Le bouc émissaire va bientôt apparaître, et il pourrait bien porter un costume.
Rédaction : Matti
Traduction : Luffy, Foresight News
Ceci est une histoire tissée de mythes, de légendes et d’analogies historiques, plutôt qu’un récit construit à partir de principes fondamentaux. Dans mon écriture, j’applique constamment la théorie du bouc émissaire de René Girard au domaine des cryptomonnaies ; je vous recommande donc de vous familiariser avec son système théorique avant de plonger plus profondément.
La raison me dit que, à mesure que l’industrie des cryptos mûrit, il devient obsolète de considérer ce secteur à travers le prisme traditionnel des cycles. Pourtant, profondément influencé par la théorie de Girard, je ne peux ignorer les motifs mythologiques qui ressurgissent inlassablement. Quand on tient un marteau entre les mains, tout semble être un clou.

Dans cet article, j’explorerai comment un cycle haussier en cryptomonnaie se déroule en deux actes : le premier marqué par un épisode de « crise mimétique », suivi du second, qui conclut le cycle par une « crise sacrificielle ».
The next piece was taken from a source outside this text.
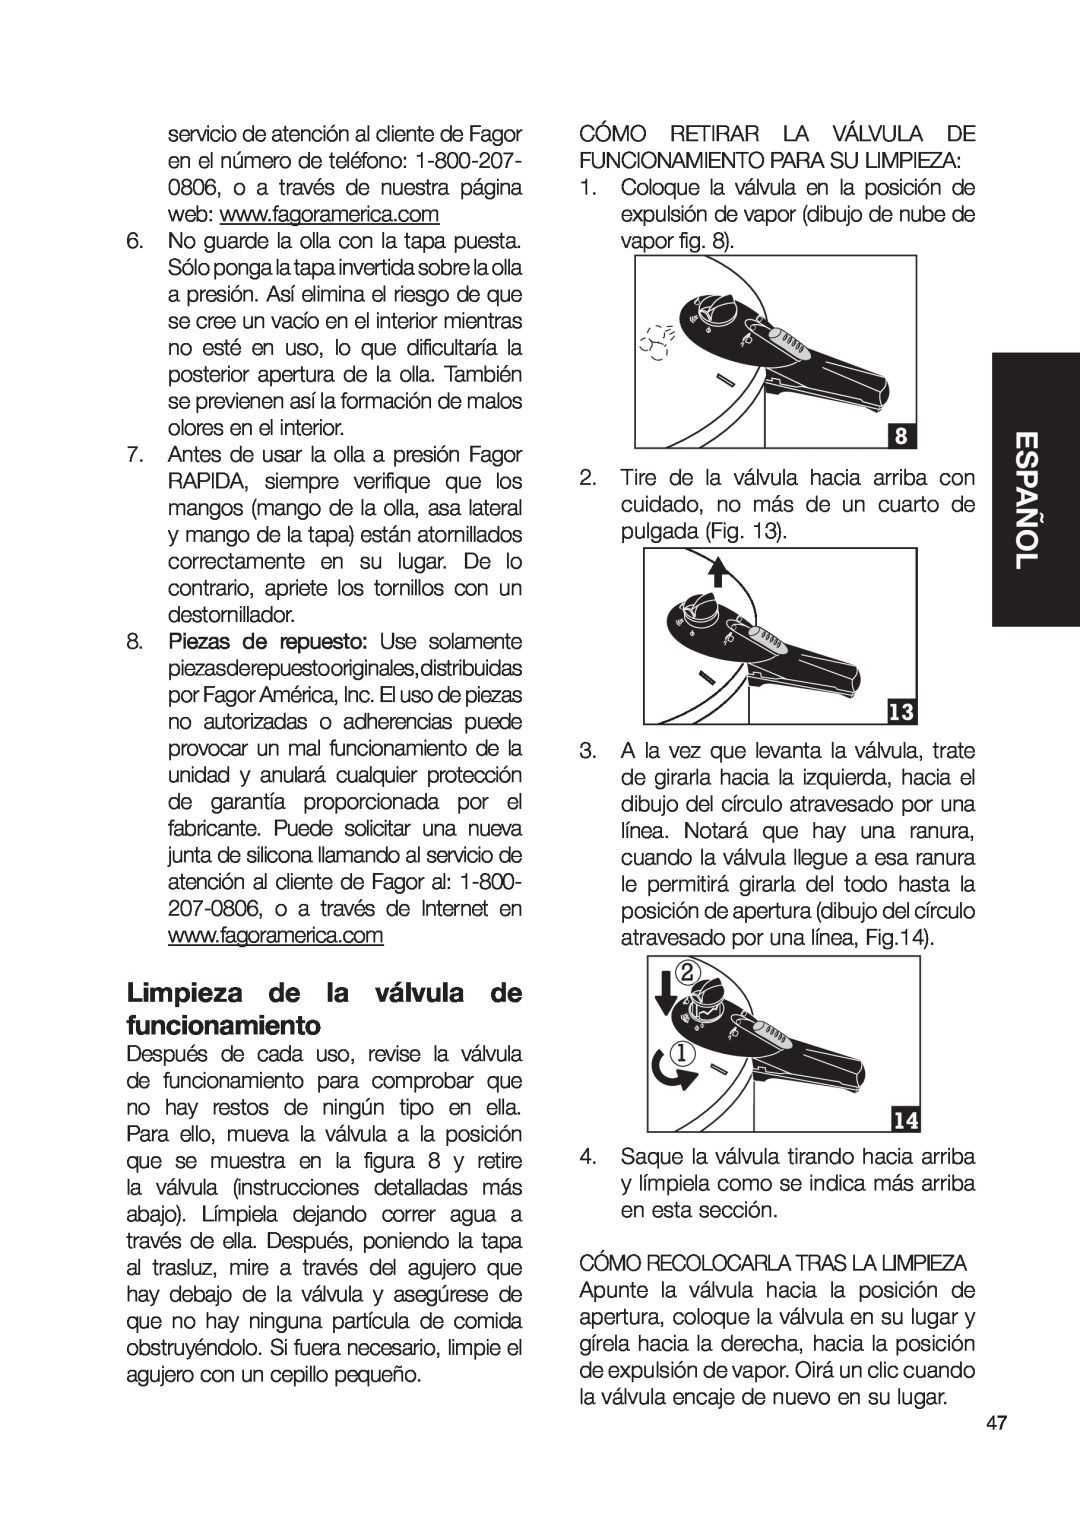 Fagor America Fagor Rapida Pressure Cooker user manual Limpieza de la válvula de funcionamiento, Español

Le premier acte commence par une hausse des prix, générant des désirs mimétiques au sein de toute la communauté. Puis vient un effondrement des prix qui provoque chaos et conflits, une situation symbolique de « chacun pour soi », où des tensions internes dévorent la communauté crypto.
Le deuxième acte résout cette crise initiale par une nouvelle envolée des prix, mettant ainsi fin au cycle global tout en identifiant un bouc émissaire final. Chaque cycle s’achève par l’excès même de ses principes fondateurs, et chaque cycle possède son bouc émissaire.
Cela révèle à la fois une périodicité (« cette fois-ci n’est pas si différente »), mais aussi un progrès linéaire (« cette fois-ci est quand même différente »). À la fin, nous nous retrouvons toujours dans une position nouvelle.
L’effondrement des ICO a plongé Ethereum dans un désert, puis l’été DeFi l’a ressuscité. L’été DeFi a semé le doute sur la capacité du Bitcoin à devenir un actif financiarisé, tandis que MicroStrategy et BlackRock ont restauré la confiance.
Le marché haussier de 2017 était un rallye Ethereum propulsé par les ICO. Ce « monde informatique » s’est transformé en machine à sous. Lorsque les projets ICO ont commencé à vendre massivement les ethers collectés, cette « machine » s’est effondrée sur elle-même, jusqu’à ce que le boom DeFi relance le tout en 2020 — un boom qui s’est terminé par l’implosion de spéculateurs excessivement levés comme Three Arrows Capital et SBF. Le bouc émissaire de 2017 n’était pas très individualisé, mais il existait bel et bien.
En 2017, les projets ICO sur Ethereum étaient à la fois la source de la prospérité et la cause du déclin ; en 2021, les héros de l’été DeFi ont vécu le même parcours. Les meilleurs boucs émissaires sont ceux qui ont apporté richesse et euphorie — comme la fortune issue des ICO Ethereum ou les emprunts fous et émissions de jetons durant la folie DeFi, permettant à leurs participants de devenir millionnaires rien qu’en participant — avant de devenir responsables du déclin.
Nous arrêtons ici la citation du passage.